Based on the weather advice available to us, the Town and KICA are planning for a storm scenario much like Hurricane Matthew two years ago. Some tropical storm winds, with higher gusts, and heavy rain. We are not expecting hurricane force winds and we are not expecting significant storm surge.
If you were on Kiawah two years ago, you will remember the impact from Matthew. We saw a great deal of debris from trees and other vegetation, a few uprooted trees, heavy street flooding, especially on the Parkway, and damage to the beach and walkovers. We did not see damage to structures, and because of the minimal storm surge there was little flooding of homes.

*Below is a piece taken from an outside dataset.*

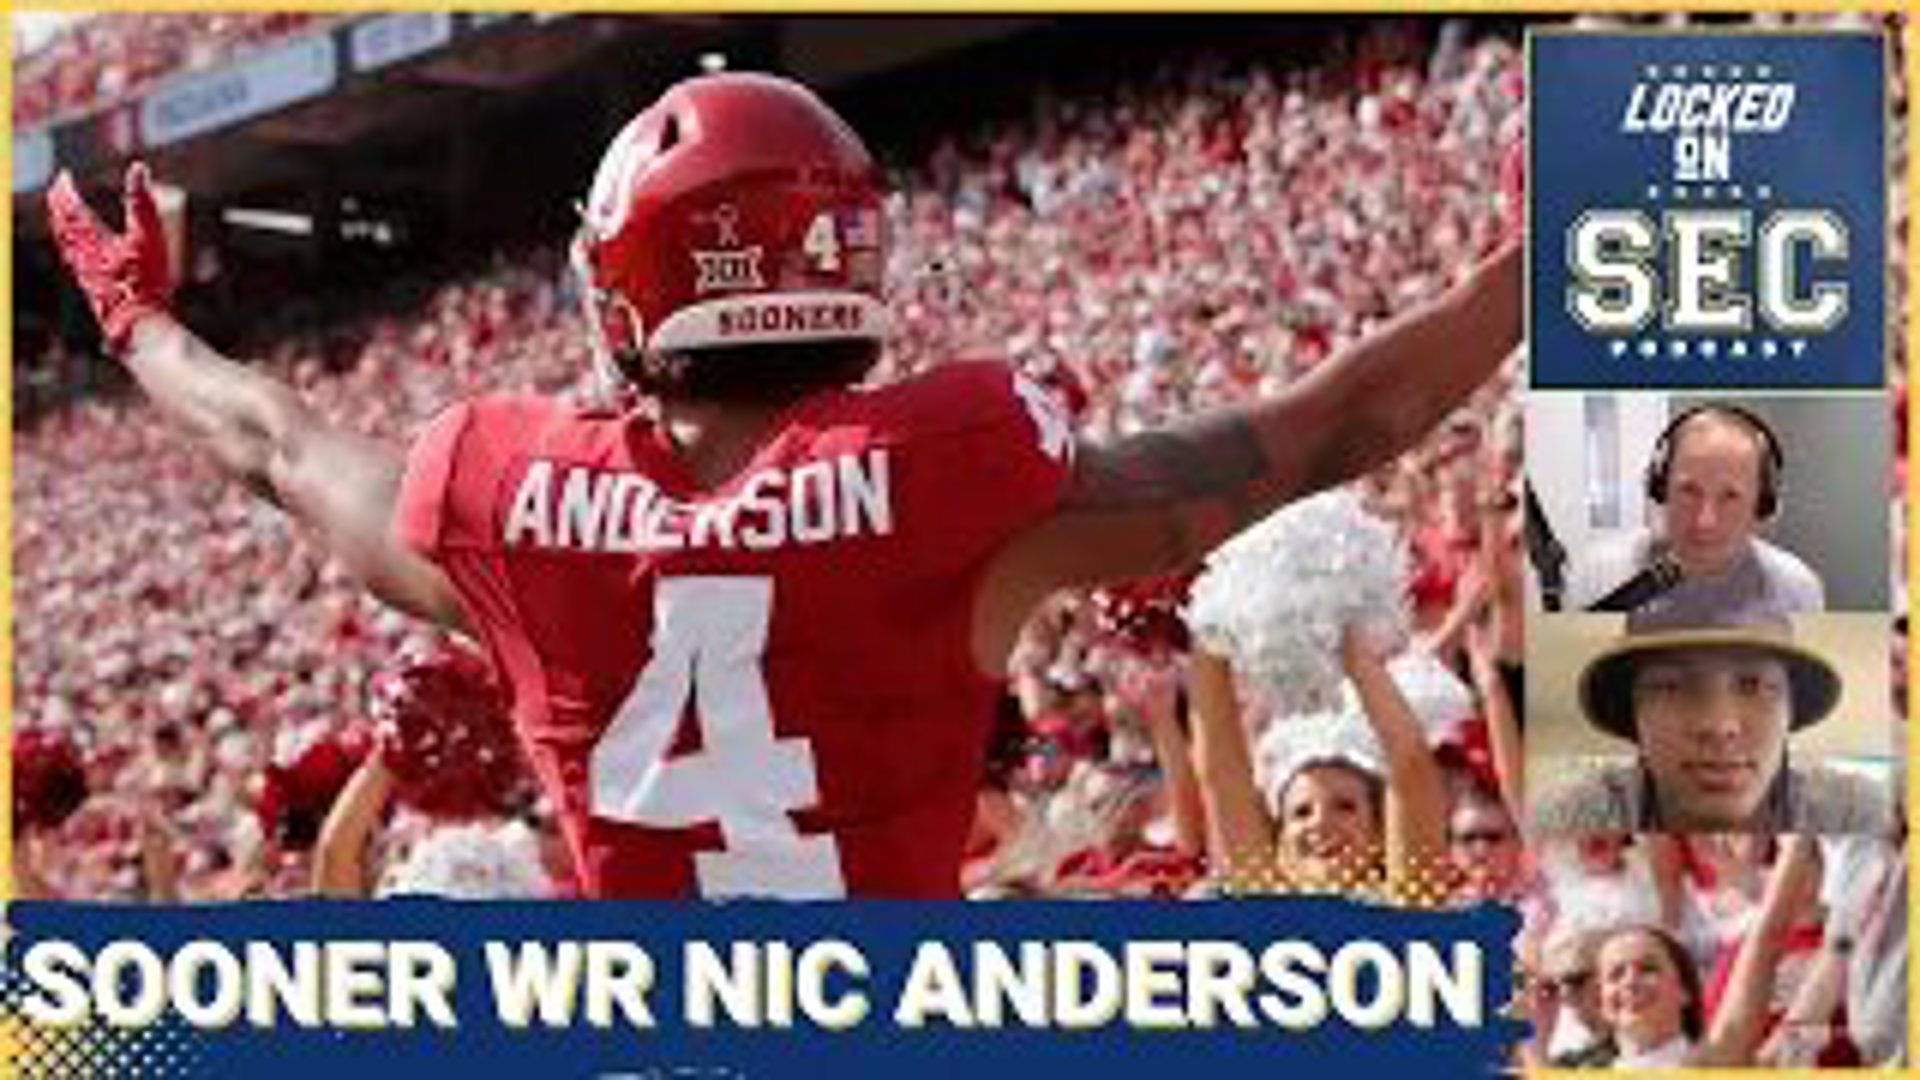 On today's show, we catch up with Oklahoma Sooners WR Nic Anderson who is coming off of a breakout redshirt freshman season where he recorded 798 receiving yards.
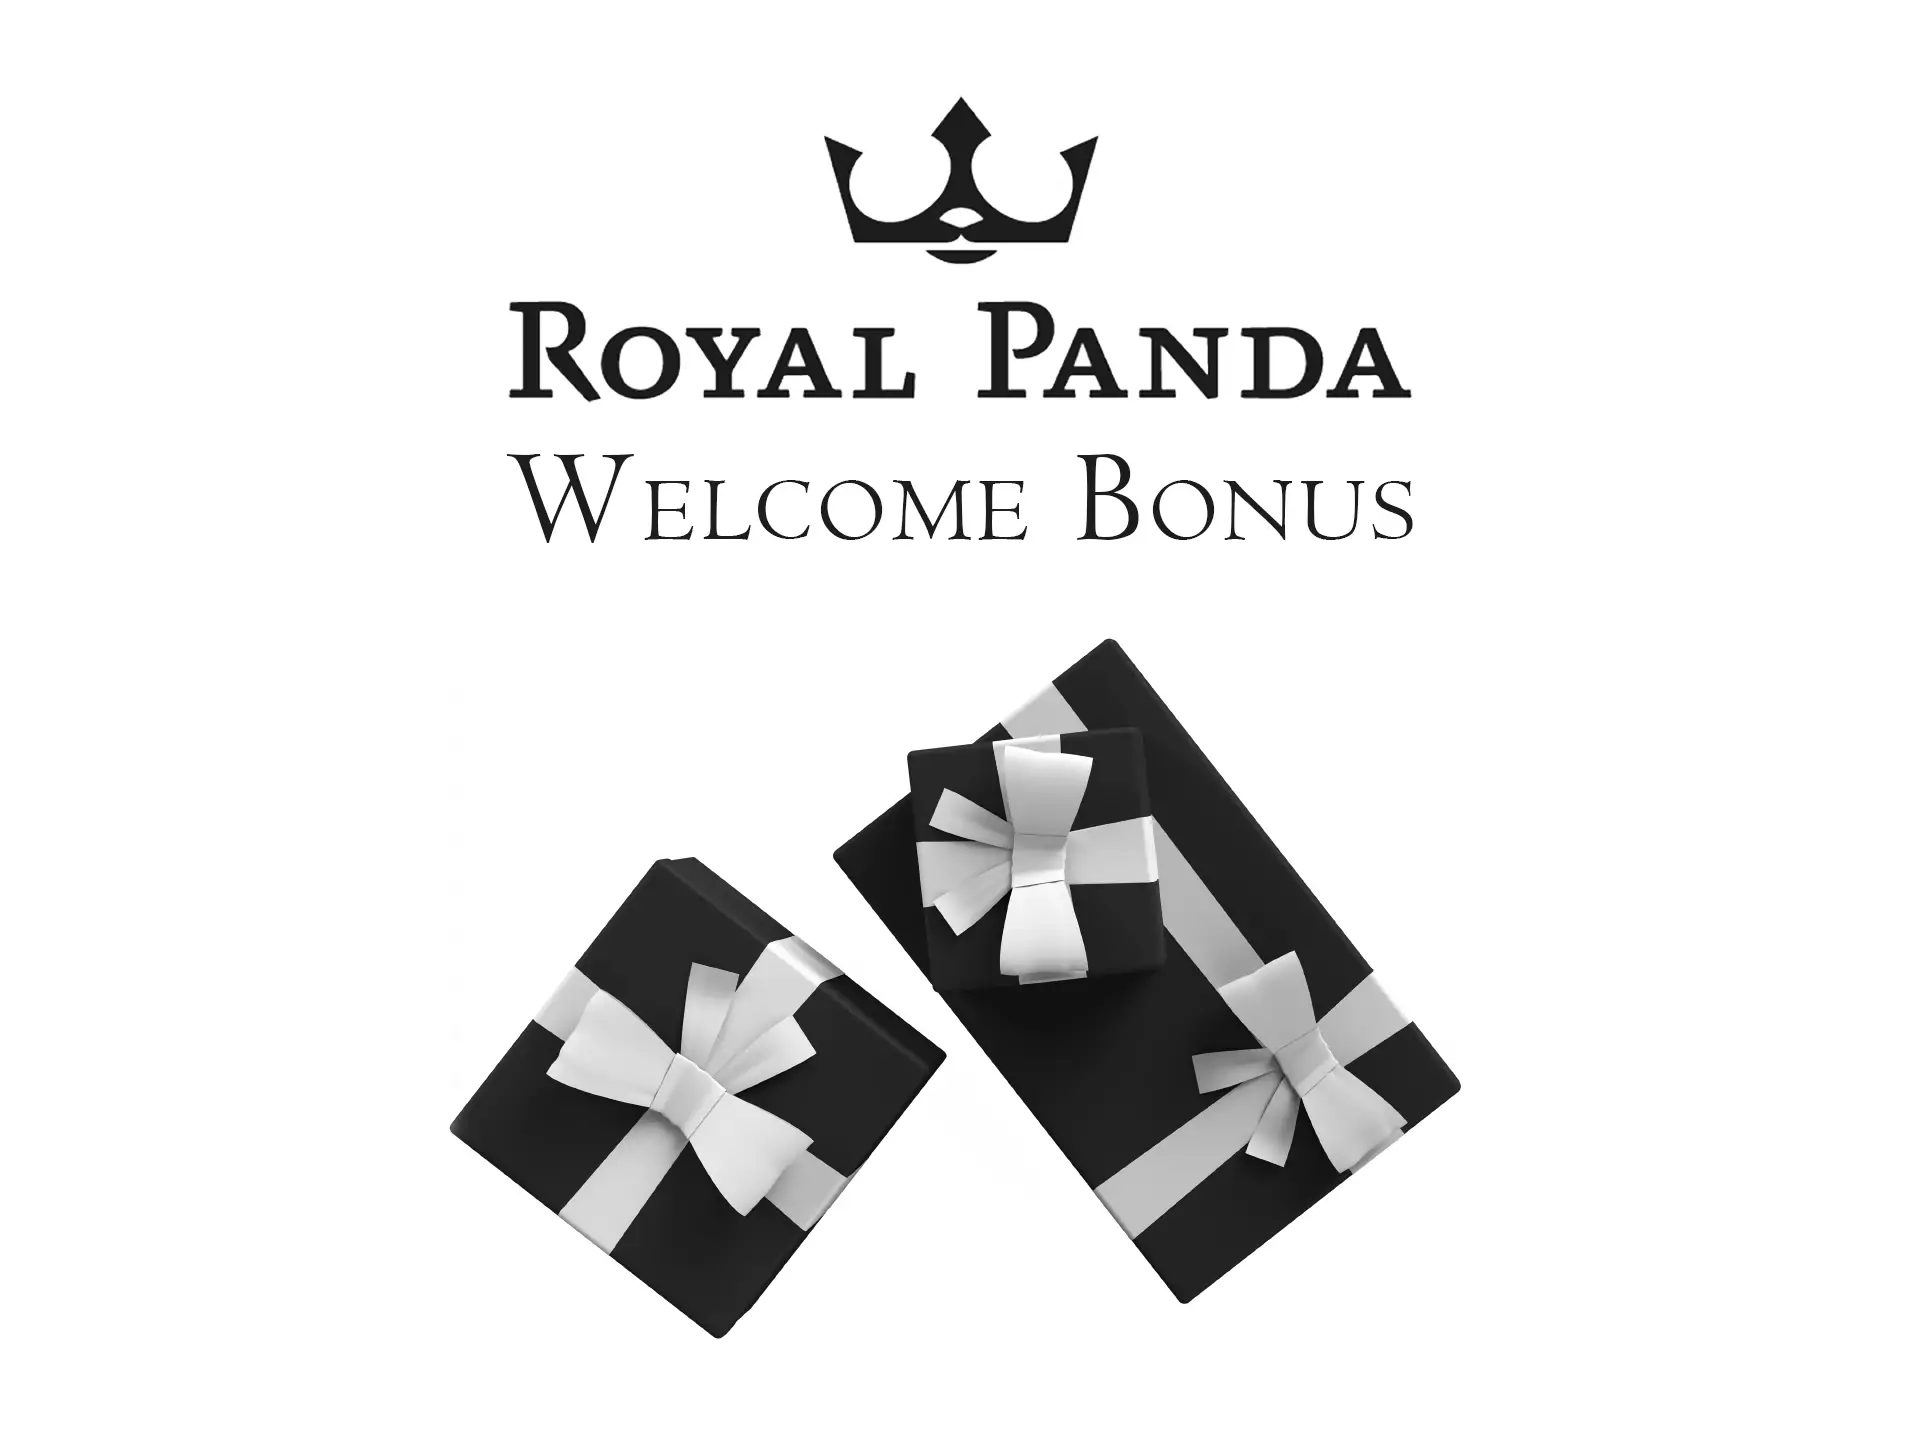 Don't forget to receive a welcome bonus.

The Town and KICA are already coordinating to make a quick assessment of the island as soon as the weather clears and commence clean up, so residents can return as quickly as possible. Our goal is for an immediate return, but please recall that with Matthew work crews needed about 24 hours after the storm passed to get our major roads open, and electrical power did not return until after that.
The island this morning is quiet. It appears that almost all residents have left, and all businesses are closed. Sheriff Deputies are stopping motorists at Betsy Kerrison, so the island is secured.
The Town will continue to send out its regular updates each afternoon. We will update you on the forecast, conditions on the island, and information to help you plan for your post-storm return.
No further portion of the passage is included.